Can’t help with that, but it’s a raw array, you can process it as you like.

Are you sure about that ? It’s more than 4 minutes of audio. if that’s the case, you are obviously not using the Streaming API correctly.

I too found that feedAudioContent is slow in Nodejs client lib. While trying out this deepspeech node angular UI app I found that CPU usage is quite high during inference… Upon profiling I found that feedAudioContent is taking lot of time. It was little high on mac, but was sucking CPU on Linux.

Which version i tried? 0.6.1

How to reproduce this

Use one of the node examples say - web_microphone_websocket https://github.com/mozilla/DeepSpeech-examples/tree/r0.6/web_microphone_websocket

The CPU usage does go high while inferencing. I think it’s the same feedAudioContent. I found this only in node. I tried python example code, they were not having this issue.

Please be more descriptive of the issue. This is completely not what we experience usign the Streaming API under NodeJS (daily, on RPi4).

So far, the only figures in this threads points to misuse of the API.

I was mistaken :sweat_smile: :sweat_smile:

8KBytes. Sorry

How much audio does that makes ? 8KBytes would be ~250ms, am I right ?

That would be super-slow, not what we have experienced. @duxy1996 Can you share more details / code on what you do ? There’s basically nothing here.

You are right, but it is not the full audio.
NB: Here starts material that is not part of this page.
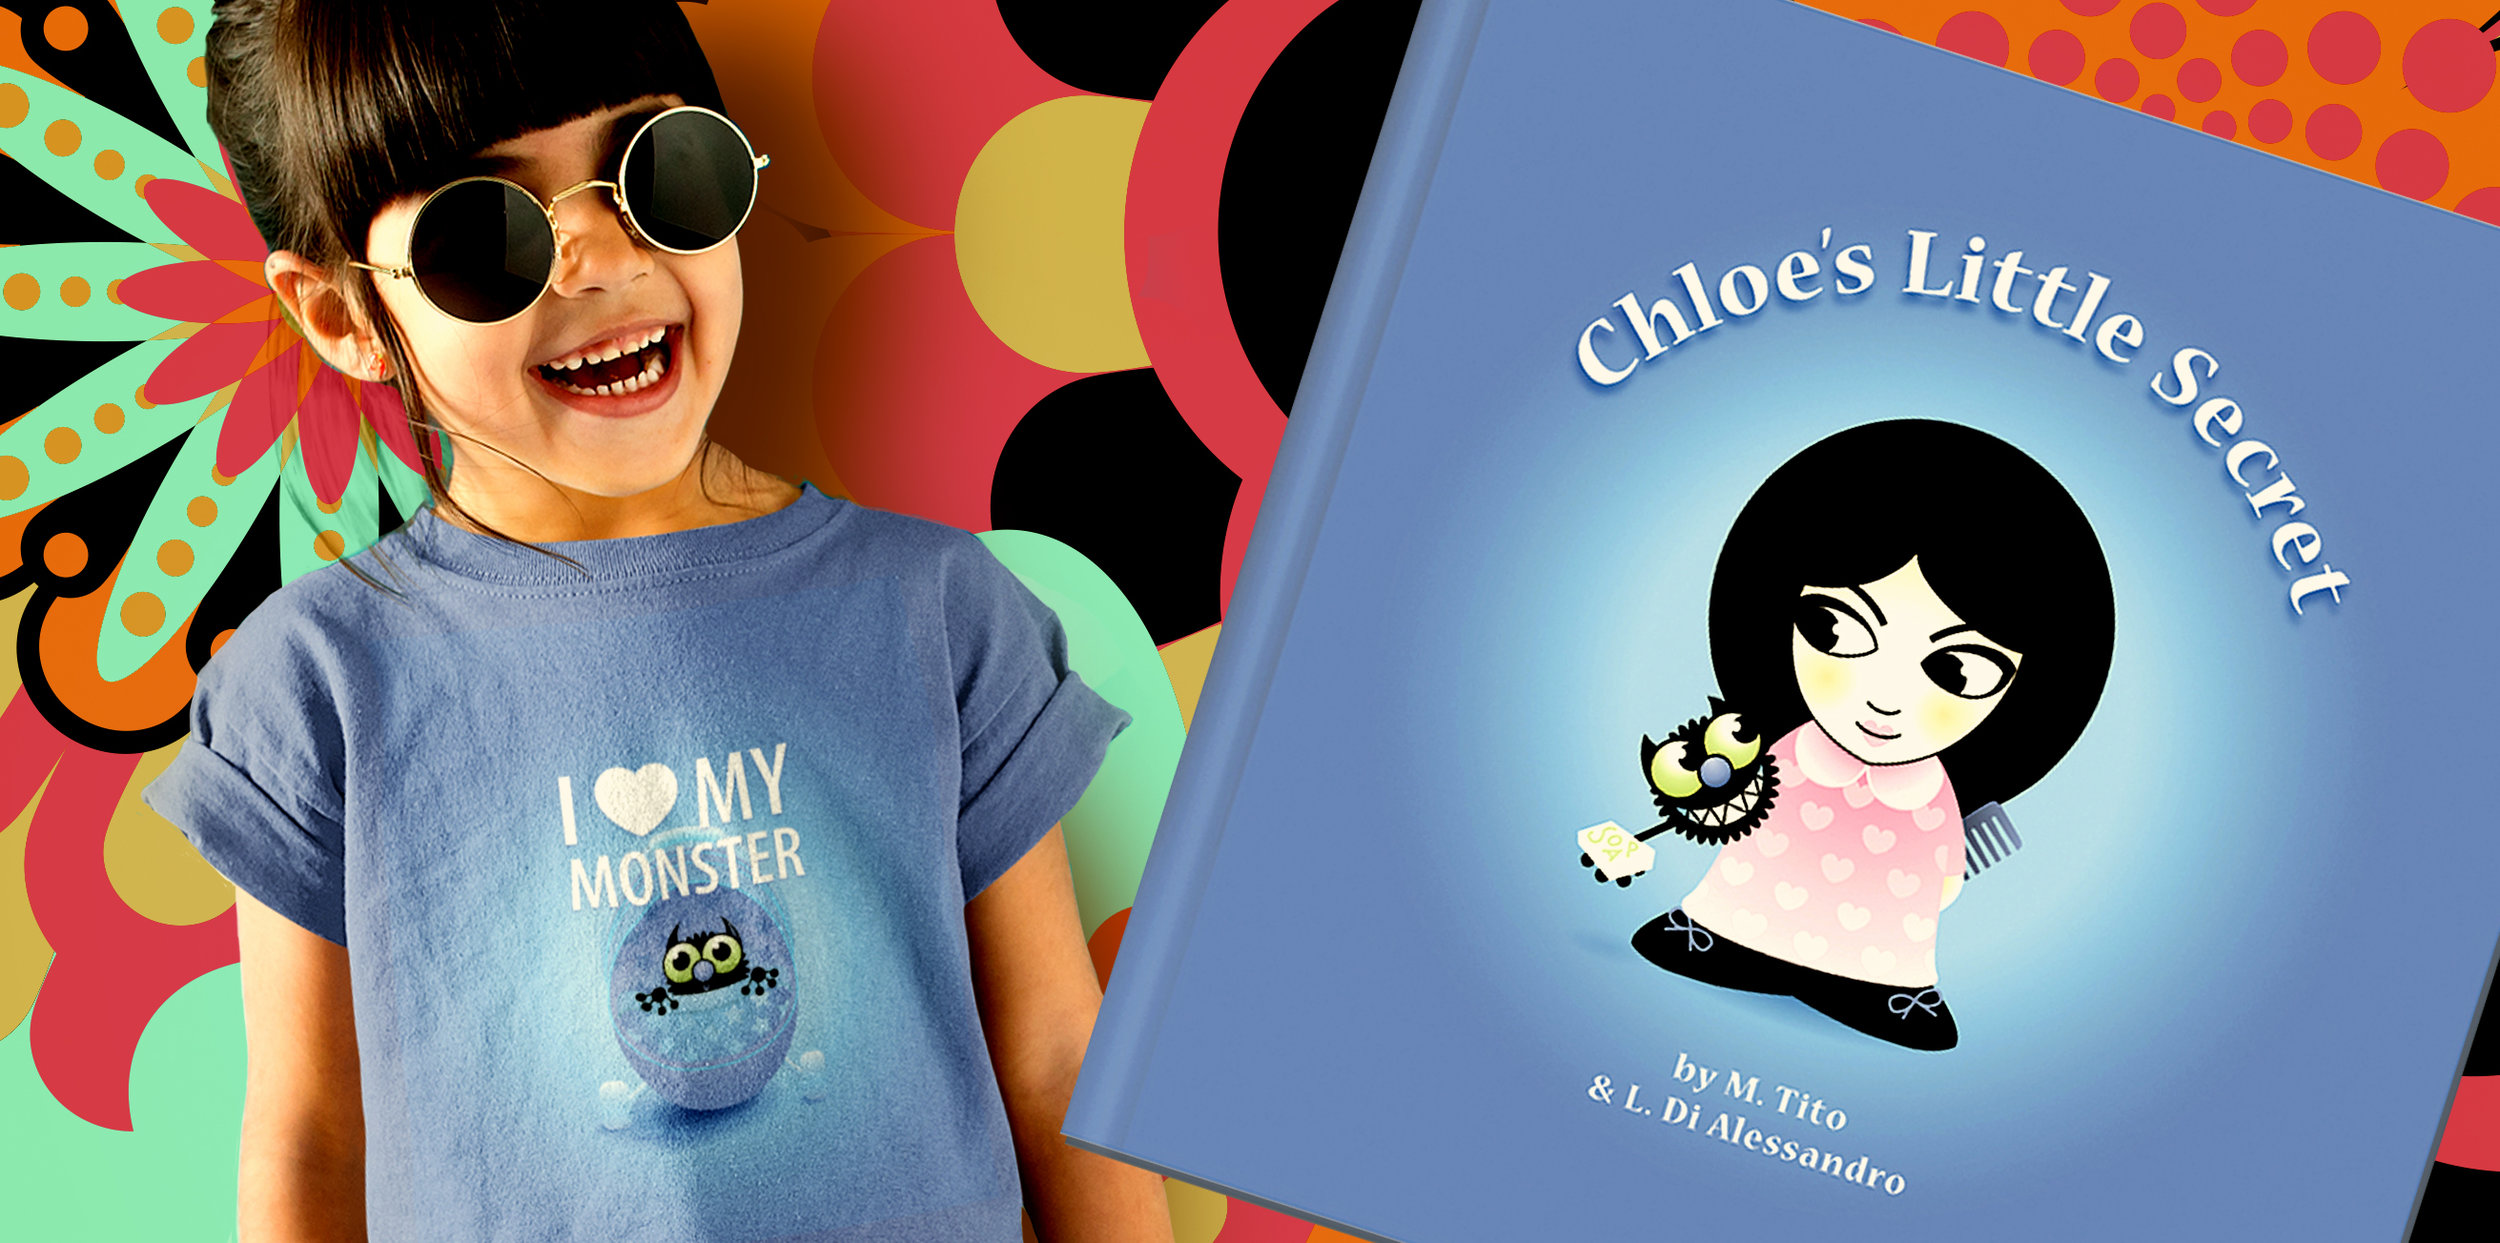 Childrens_Picture_Books-Chloes_Little_Secret.jpg

The audio is received by a callback and each time it is recieving I process with that function. When the last sound arrives, I call the
let text = englishModel.finishStream(modelStream);
and I get the full text.

I followed the example found in the DeepSpeech examples repo. It is very similar. I have tried to get the main methods used by the lib in which I have the problem.

When the mic is capturing information, the event .on("data") is receiving the audio buffer data. When the stream has finished is called the .on("finish"). At this time I decode the audio. DeepSpeech usually works pretty fine.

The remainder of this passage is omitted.